Questo non va fatto, ma bisogna editare il file /etc/portage/package.keywords. Nel make.conf ci vuole, eccome: serve a specificare la keyword che si vuole accettare di default per gli ebuild

----------

## Luca89

 *lucapost wrote:*   

> penso di aver capito abbastanza bene come si utilizza /etc/portage/package.keywords, ora mi piacerebbe togliere Accept_keywords dal mio /etc/make.conf,ma penso che non basti rimuovere la suddetta riga e poi package.keywords si  aggiorna da solo  
> 
> Immagino poi che sia molti i pacchetti che sono stati installati
> 
> nel mio sistema in questo modo, esite qualche modo per riconoscerli tutti abbastanza velovemente per poi aggiornare a dovere package.keywords?

 

lavorando sull'output di emerge con sed, awk e via dicendo credo che si può automatizzare la cosa.

----------

## Cazzantonio

 *Kill-Bill wrote:*   

> bastava fare "emerge -U world" invece che "emerge -u world"

 

Leggi bene la documentazione. Se continuando ad usare cose deprecate riscontri problemi accertati di riuscire poi a risolverteli da solo   :Wink: 

----------

## Kill-Bill

 *Cazzantonio wrote:*   

>  *Kill-Bill wrote:*   bastava fare "emerge -U world" invece che "emerge -u world" 
> 
> Leggi bene la documentazione. Se continuando ad usare cose deprecate riscontri problemi accertati di riuscire poi a risolverteli da solo  

 

si Cazzantò, io chiedevo solamente... poi se qualcuno mi vuole rispondere bene, altrimenti pazienza, mi arrangio da solo. già è tanto che Gentoo mette a disposizione un Sistema Operativo gratuito e così ben supportato. 

però se qualcuno mi può dare una mano, se si può....   :Embarassed: 

cmq non capisco una cosa, se faccio "emerge -Up world" mi dice che ci sono 3 pacchetti da emergere

se invece faccio "emerge -up world" prima di quei tre pacchetti me ne mette altri tre che sono:

nvidia-kernel-1.0.6629-r5

nvidia-glx-1.0.6629-r7

amsn-0.94

non capisco perchè dite che non devo fare "emerge -U world" visto che mi elimina dalla lista dell'emerge i pacchetti che non voglio emergere e che ora mi vanno benissimo

----------

## knefas

 *Kill-Bill wrote:*   

> non capisco perchè dite che non devo fare "emerge -U world" visto che mi elimina dalla lista dell'emerge i pacchetti che non voglio emergere e che ora mi vanno benissimo

 

Allora emerge -U world e' uno sfortunatissimo comando.
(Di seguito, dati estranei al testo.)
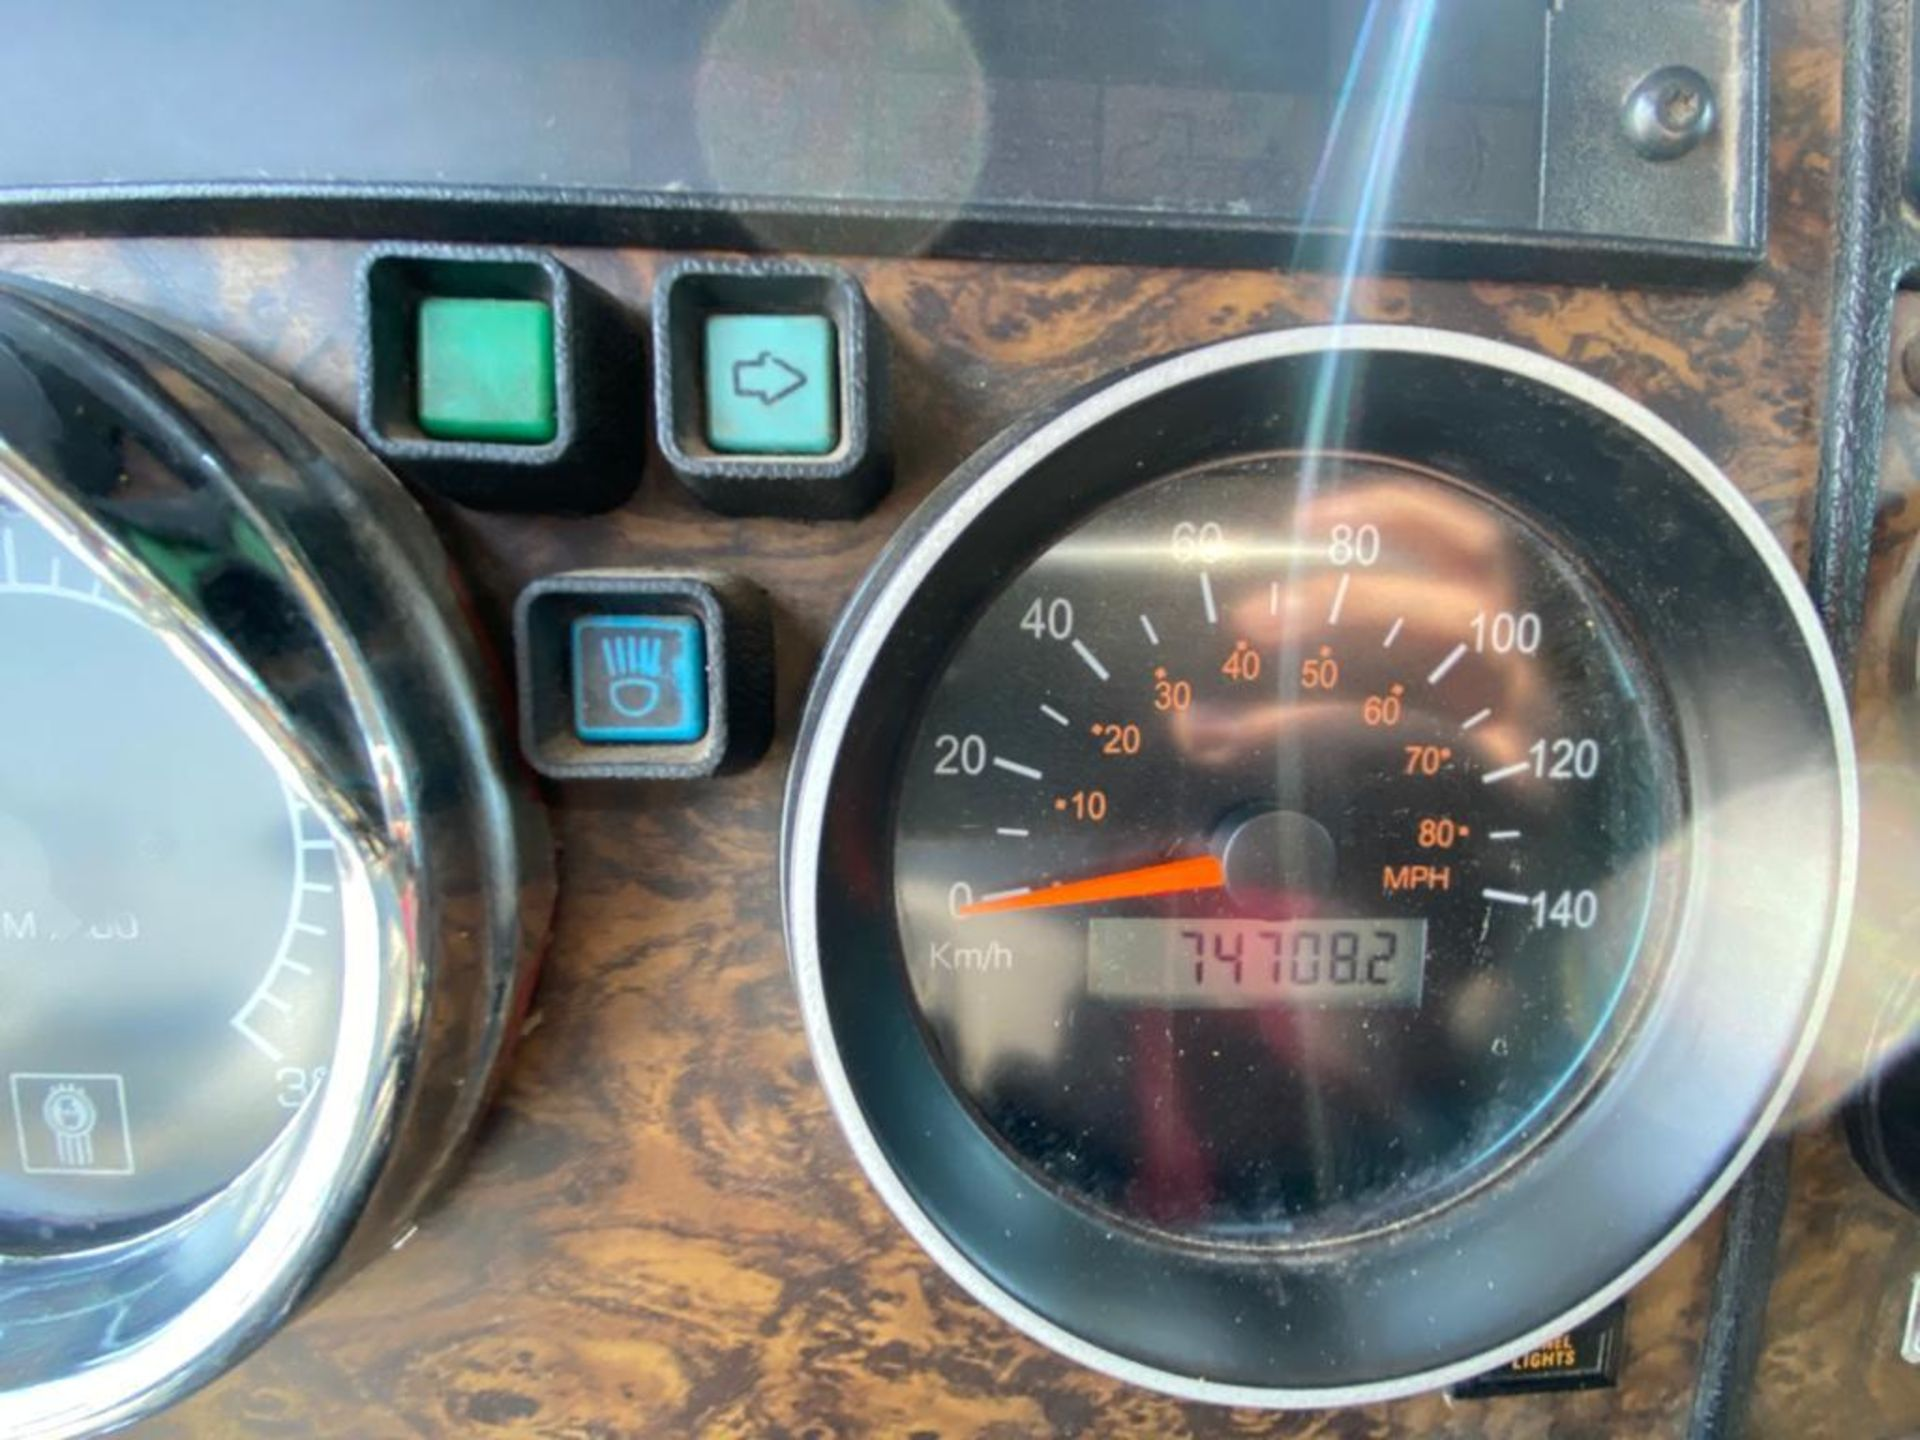 1999 Kenworth Sleeper truck tractor, standard transmission of 18 speeds - Image 41 of 72

Non dovrebbe esistere e infatti nelle nuove versioni di portage non esiste piu'. Ci sono varie ragioni per non usarlo, comunque in generale, se portage vuole downgradare qualcosa (cioe' emergere una versione precedente) e' perche' qualcosa con la versione installata non va. Ci sono degli errori, e' stata mascherata, ci sono dei problemi. Mi pare di ricordare che ci fosse stato ad un certo punto un problema con module-init-tools. E' stato prontamente masched, ma se non lo si downgradava...beh, avevi il sistema **uto.

Questo e' un post inglese che spiega la decisione, se cerchi nel forum ce ne sono parecchi. 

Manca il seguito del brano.